A daily routine involves facilitating the existence of human beings, but the work of Guatemalans Andrea Aragón, Darío Escobar and Aníbal López (A1 -53 167) evidence otherwise. Escobar has a group of paintings, which at first glance shows an abstract composition on a supposedly perfect sheet of white paper; under closer scrutiny one can see that the artist has torn the sheet in two. Dibujo interrumpido No. 1, No. 2, and No. 3 (Interrupted drawing No. 1, No. 2, and No. 3, all 2013) represent a fractured society that tries to remedy injustices and historical errors with cosmetic fixes, but these breaks remain always there, even if difficult to see with the naked eye. The poignant photographs of Aragón, capture reality as it is, and it is often tough. Images De la serie “antipostales” (From the series “antipostcards,” 2001) and De la serie “Ghetto” (From the series “Ghetto,” 2010) sadly delve into what everyday life can be for people who live in a dilapidated house, with scruffy furniture and graffiti on the walls, or in those terrible and impersonal modern buildings that instead of making life more enjoyable make it an earthly hell. Listón de plástico negro de 250 mts. de largo x 4 mts. de ancho colgado sobre el puente del Incienso (Black plastic strip of 250 meters. long x 4 mts. wide hanging over the Incienso Bridge, 2003) by López (A1 -53 167) captures for posterity the grief that people express when the constitutional laws of the country are broken. The documentation of this action adds to the rich artistic and historical file that the artist has been building since the beginning of his career.

Nery Gabriel Lemus is a foreigner who should not be. The son of Guatemalan immigrants living in the United States, Lemus has developed his career in Los Angeles, California, which focuses on many of the tensions that routinely affect people in his condition. His foreign status gives him an objective distance that makes his observations not only very keen but are also permeated by nostalgia about what is not known but is sensed. De Guatemala a guatepeor (From Guatebad to guateworst, 2013) Lemus resists stigmatizing a country that has suffered daily violence while improvement and progress are also being achieved.

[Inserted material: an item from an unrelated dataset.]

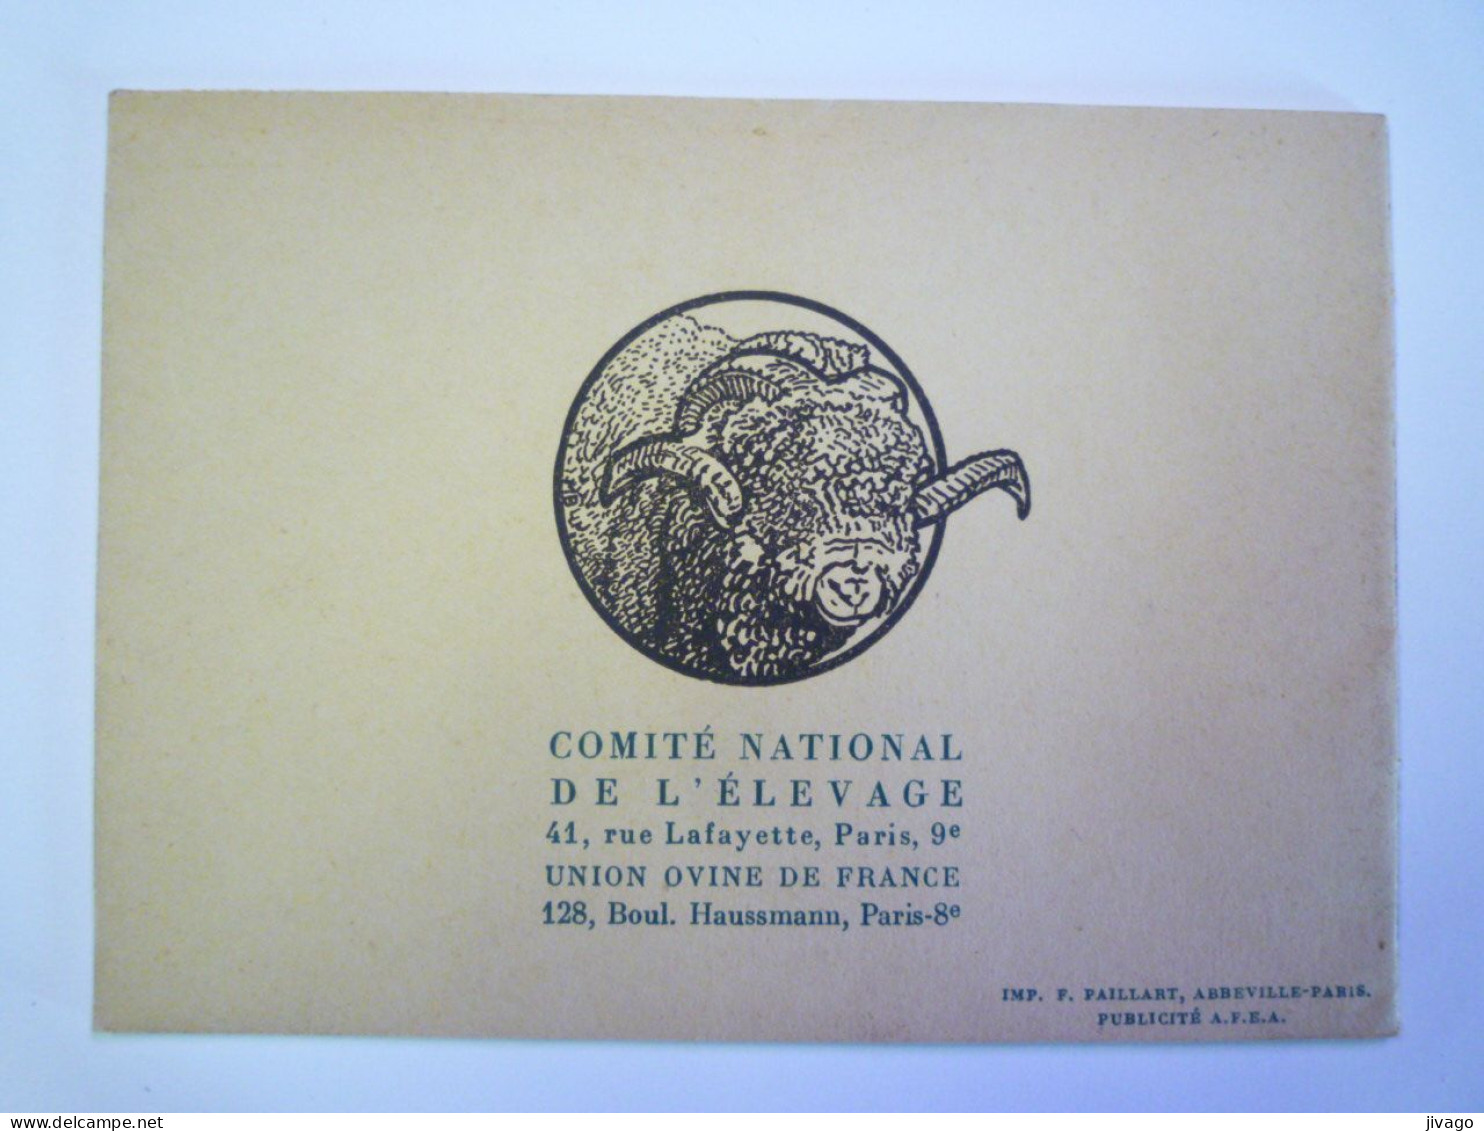 2024 - 1868  " LE CHOIX DU BELIER "  Petite Brochure  PUB   (16 Pages)   XXX - Advertising

In Day by Day, artists seem to agree that not all is bad, nor all good, and that this constantly changing, precarious balance upholds the survival of mankind and is one in which the artist finds inspiration for his creative activities.

-Alma Ruiz F.

Emilio Chapela: Requiem

pag_requiem

Emilio Chapela: Requiem
July 10, 2013 –  January 5, 2014
Sala de Arte Público Siqueiros
Mexico City, Mexico

In Requiem, Emilio Chapela restructured the system of organization in the library of David Alfaro Siqueiros and treats this replica as a new strategy to navigate the muralist’s collection. Revealing of his worldview is the fact that Siqueiros organized over 2,000 books in three main categories: Art, Politics and Others. Considering this classification as an entry point, Emilio studied the library and pointed to the contrasts in terms of content, hidden by the previous system.

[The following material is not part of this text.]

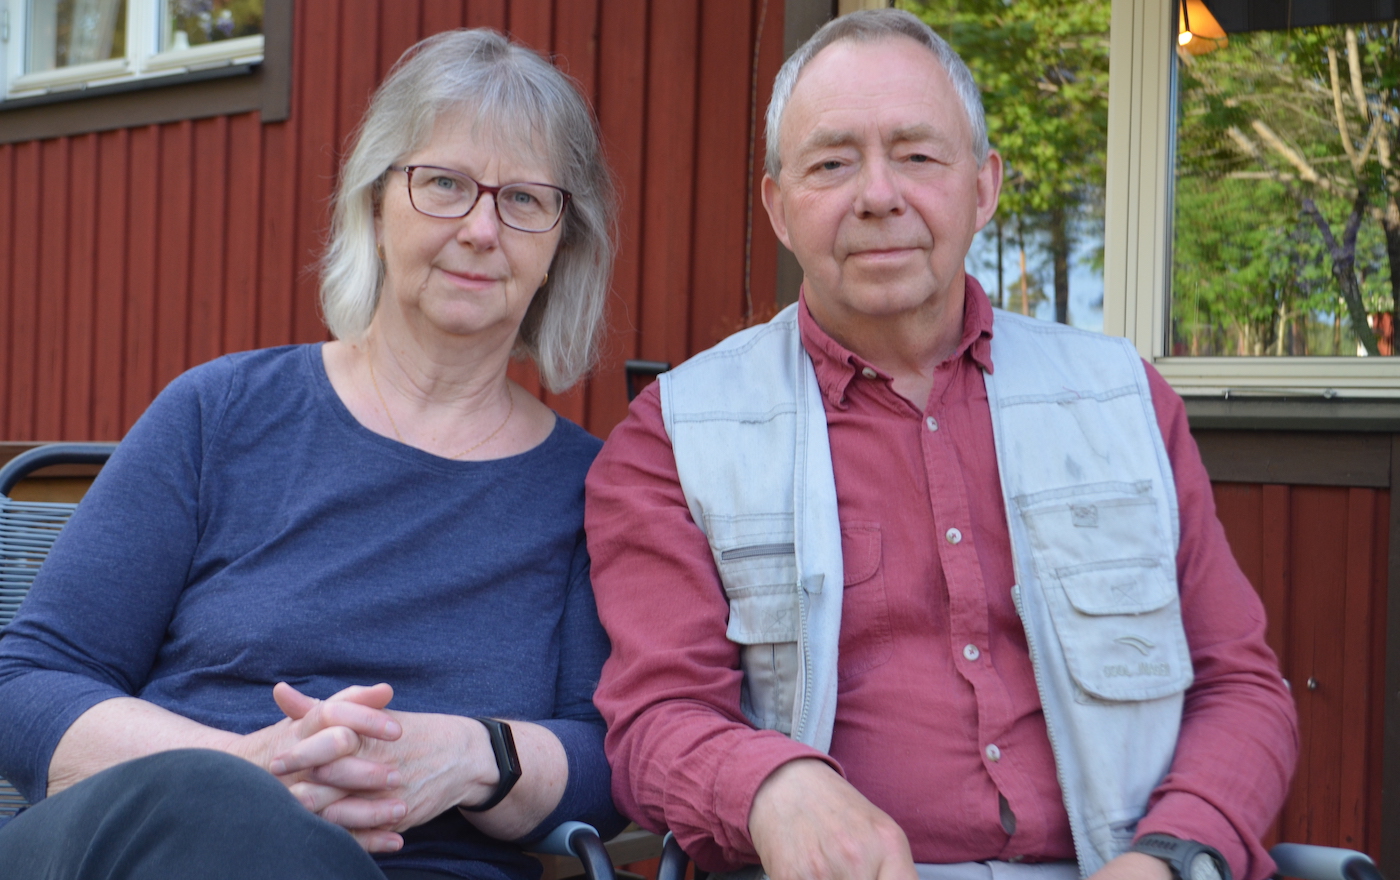 Extrainsatt: Spelmanssafari i Orsa med Olle och Birgitta Moraeus

Maintaining the original categories, Chapela created exact copies of all the books in wood. Respectively, the colors red, blue and yellow located on the spine of each book represent Art, Politics and Others. Although Siqueiros only read Spanish, English and French, his library contains texts in Russian, Japanese, Greek, Chinese, English, Italian and German. In the replica, these are shown with other colors, the duplicate allowing for further interpretaions of Siqueiros’ political standpoint. For example, Vladimir Ilich Lenin through Photography (1969) is a first edition published in Russian in the Soviet Union in the Politics category that presents a visual analysis on Lenin.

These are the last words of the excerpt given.